Не дрогнув, она искала несчастных в мертвецкой, обмывала, одевала их, закрывала глаза и связывала на груди руки тесемкой. Она, конечно, не даром работала, благодарить ее приходилось долго. Частенько оказывалось, что она уже похоронила тех, кто и не думал умирать, и некоторых она относила на кладбище по два-три раза.
— Где ты была?
— Да бухгалтера хоронила. Который раком болел, в очках. Очень плохой был. Отвезли.
— Ой! Ой, Демьяновна! Я ж его вчера на базаре видела. Огурцы брал.
— А сегодня отправили. Вертолетом. Подумаешь — ну ошиблась немножко. Не соврать — тоже неинтересно. Не все ж правду говорить, я устала от нынешней правды. Где правда была, там, знаешь, говорил Никита Иванович, что выросло? Ну и жизнь настала! Не жизнь, а малина. Ушла еще со вчерашнего утра из дому и сейчас только иду, знаю, что меня никто не ждет и мне бояться некого. То было покойник такой был, не любил, чтоб я по гостям ходила, перед смертью стал злой. А сейчас я барыня, дождалась свободы, никого не боюсь. Дура была, три года плакала, сколько слез пролила, слепая сделалась. На могилу, дура, ходила: «Милый мой, как я соскучилась!» Все на свете забывается, и чем скорее, тем лучше. Я теперь не плачу, если когда грустно на душе, то я пойду на базар, там есть буфет, продают на разлив вино, то я один стаканчик выпью, и на душе веселей. Что толку: по хорошим плачем, а плохие все равно дольше живут. Пойду к себе, дом холодный.
— А кто тебе дрова рубит?
— Да насчет дров я пока не беспокоюсь, покойник запас на целый век нерубленых. А я так применилась: Утильщики получают пенсию четвертого числа, и пьют они пять дней подряд, а на шестой у них опохмелиться нечем. А я заведу немножко бражки, дня два простоит, в аккурат им на похмелку. Пойду к ним, какое-нибудь найду заделье. Болеют с похмелья, лежат валетом, по-английски. «Что, болеете?» — «Не говори, Демьяновна, нет ли у тебя хоть гущицы?» — «А дров нарубишь — похмелю». — «Что ты, Демьяновна, всю хату изрублю, только не дай помереть». Вот я поднесу ему стакан, иди, говорю, теперь руби, посмотрю, сколько нарубишь, потом еще угощу. Он рубит, а мы с его бабой пьем брагу да песни поем. Вот так я момент выбираю и весной: огород копаю таким способом. А тоже, черт его не копал!

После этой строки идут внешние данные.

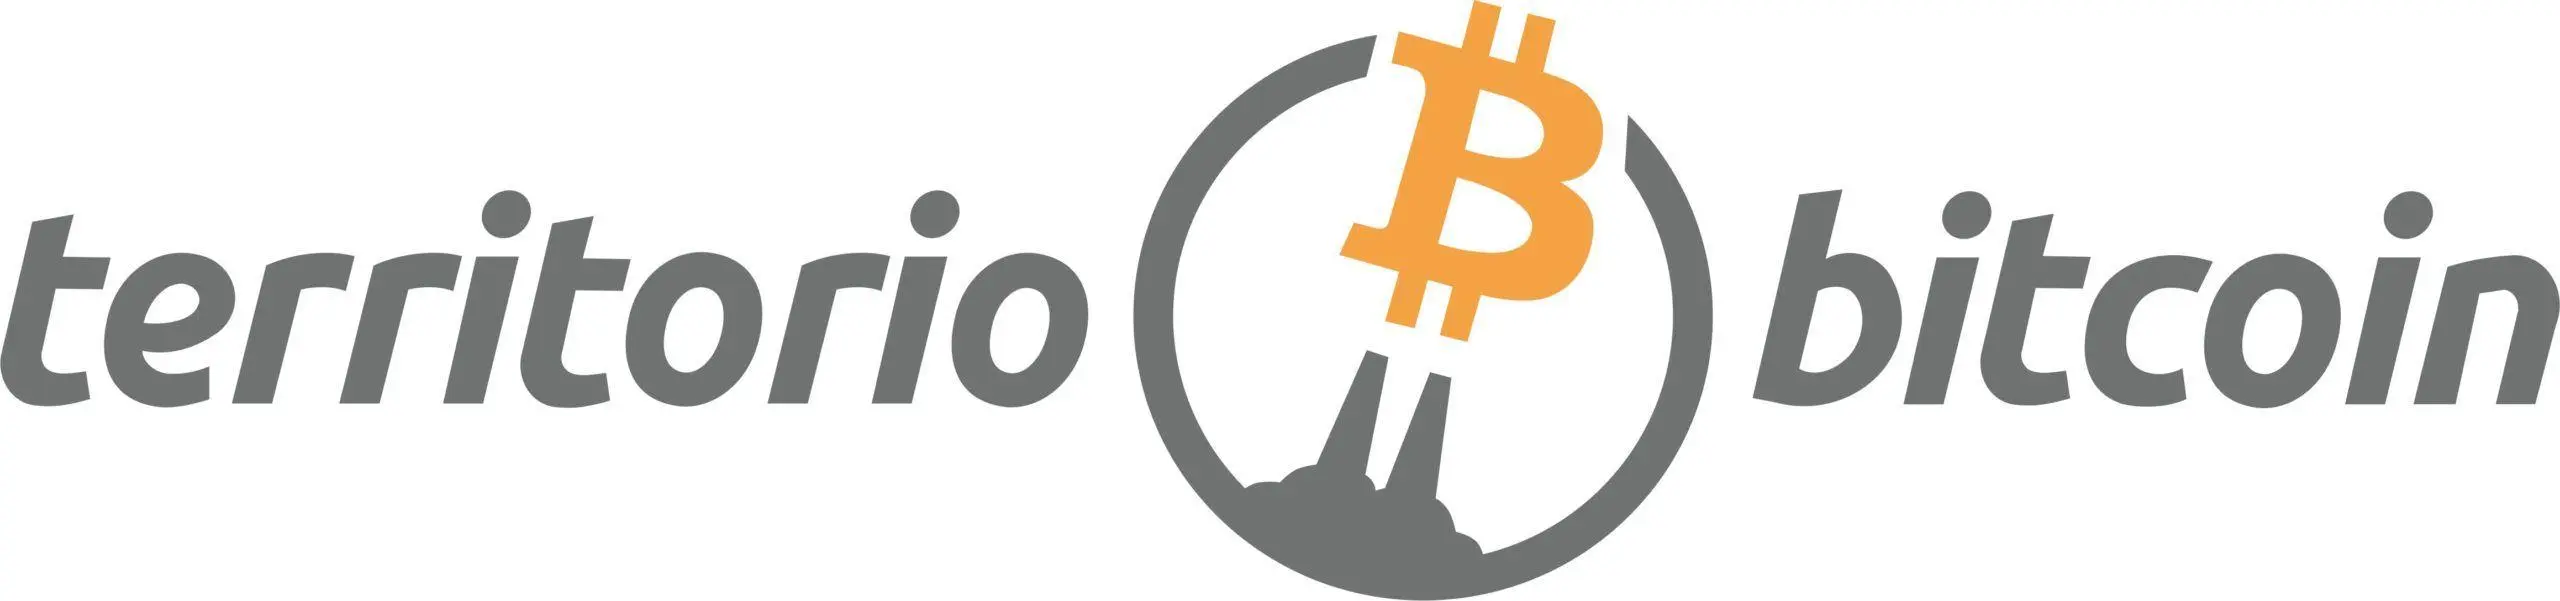 territorio-bitcoin-scaled
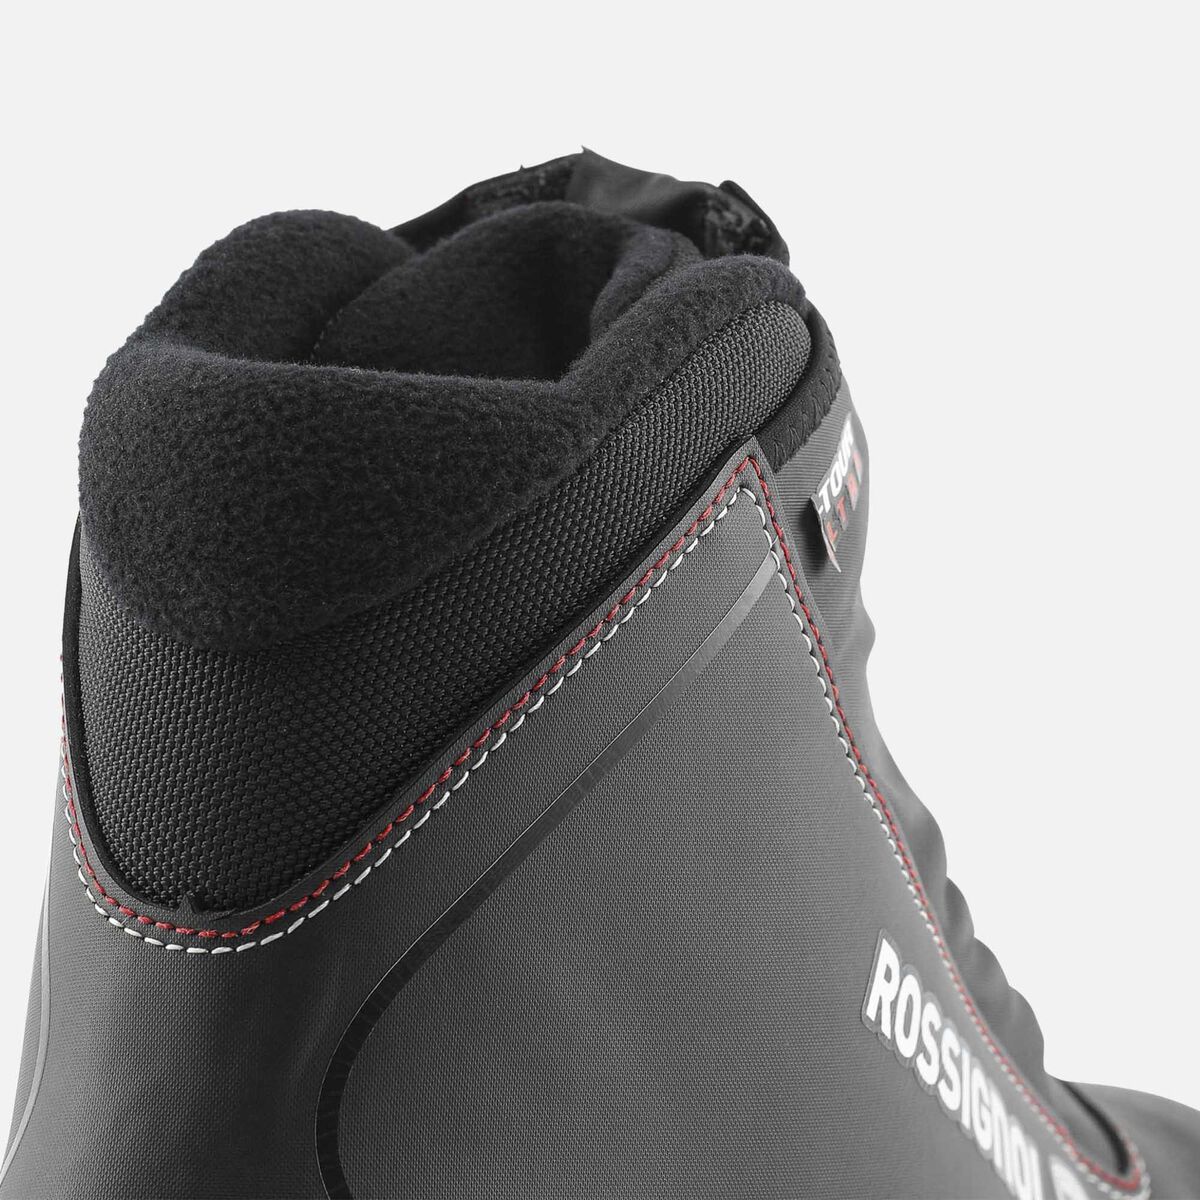 Chaussures de ski nordique Touring Unisexe X-Tour Ultra
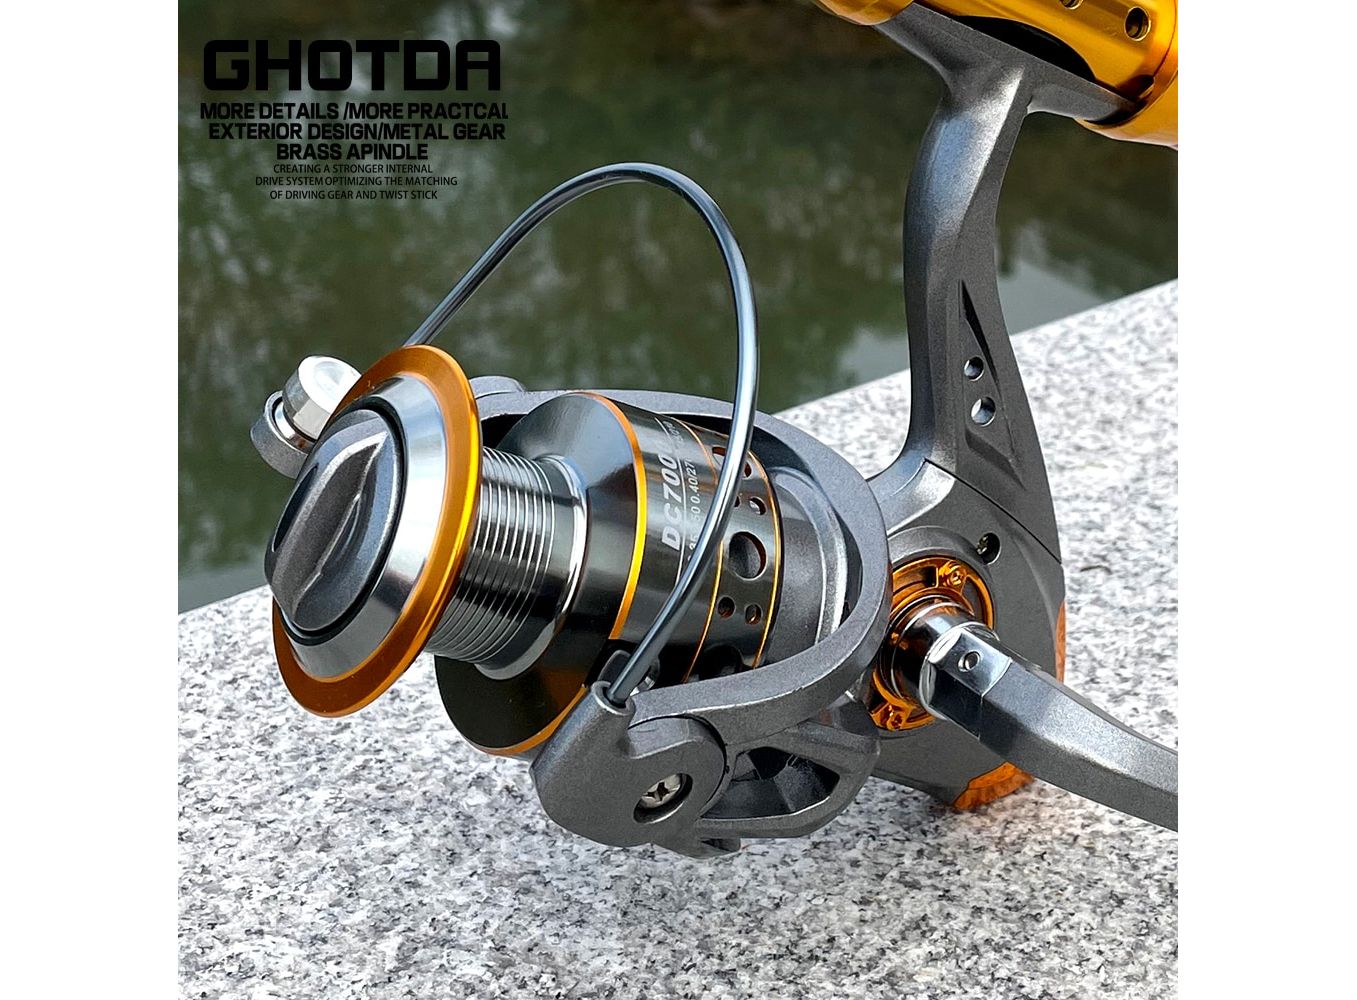 https://protechshop.co.uk/images/thumbnails/1357/1000/detailed/62/GHOTDA-Fishing-Reel-Spinning-1000-7000-Series-Metal-Spool-Spinning-Wheel-for-Sea-Fishing-Carp-Fishing_2zun-ak.jpg

А Женя и верил и не верил этому. Демьяновна была еще и сочинительницей и до страсти любила тешить компанию выдумками. Но вез-таки много было похожего и на Демьяновну.
Во всем наступила пора разобраться, и Женя надеялся еще на встречи, которые должны были принести ему какое-то равновесие, но пока никуда не показывался.
До полудня он загорал в огороде, потом рылся в сенках в старом чемодане, набитом книжками, тетрадками и письмами — своими, от бабушки, от тети Паши, Парасковьи Григоровны, дядиной жены. Какое бы письмо ни раскрывал, оно хотя бы одной строчкой, но напоминало о разлуке. Пять лет Женя провел без матери. Ложился и просыпался без нее, не видел воочию, как прошел ее день, и лицо ее возникало перед ним реже, чем всегда. Так странно: несет тебя все дальше от матери, и ты ходишь среди посторонних людей, участвуешь в чьей-то судьбе, а та, которая не спала над тобой, будто еще двести лет просторожит родной дом, и ты увидишь ее, еще не поздно. Да так ли? Ведь все единственное и кровное умирает раньше тебя, и перенести это потом невозможно. Голос твой звучит для другого, дум ее ты не знаешь, походки, лица не видишь. Она в стороне, далеко, и как будто нет ее, потому что никакое воображение не заменит живого. Пробудишься ночью и думаешь: она, может, тоже не спит, а если встала по сибирскому времени, уже подумала о тебе, и дума была грустной, жалеющей: что ей одной и что ей письма, в которых дети всегда утешают и обещают, лишь бы не плакали?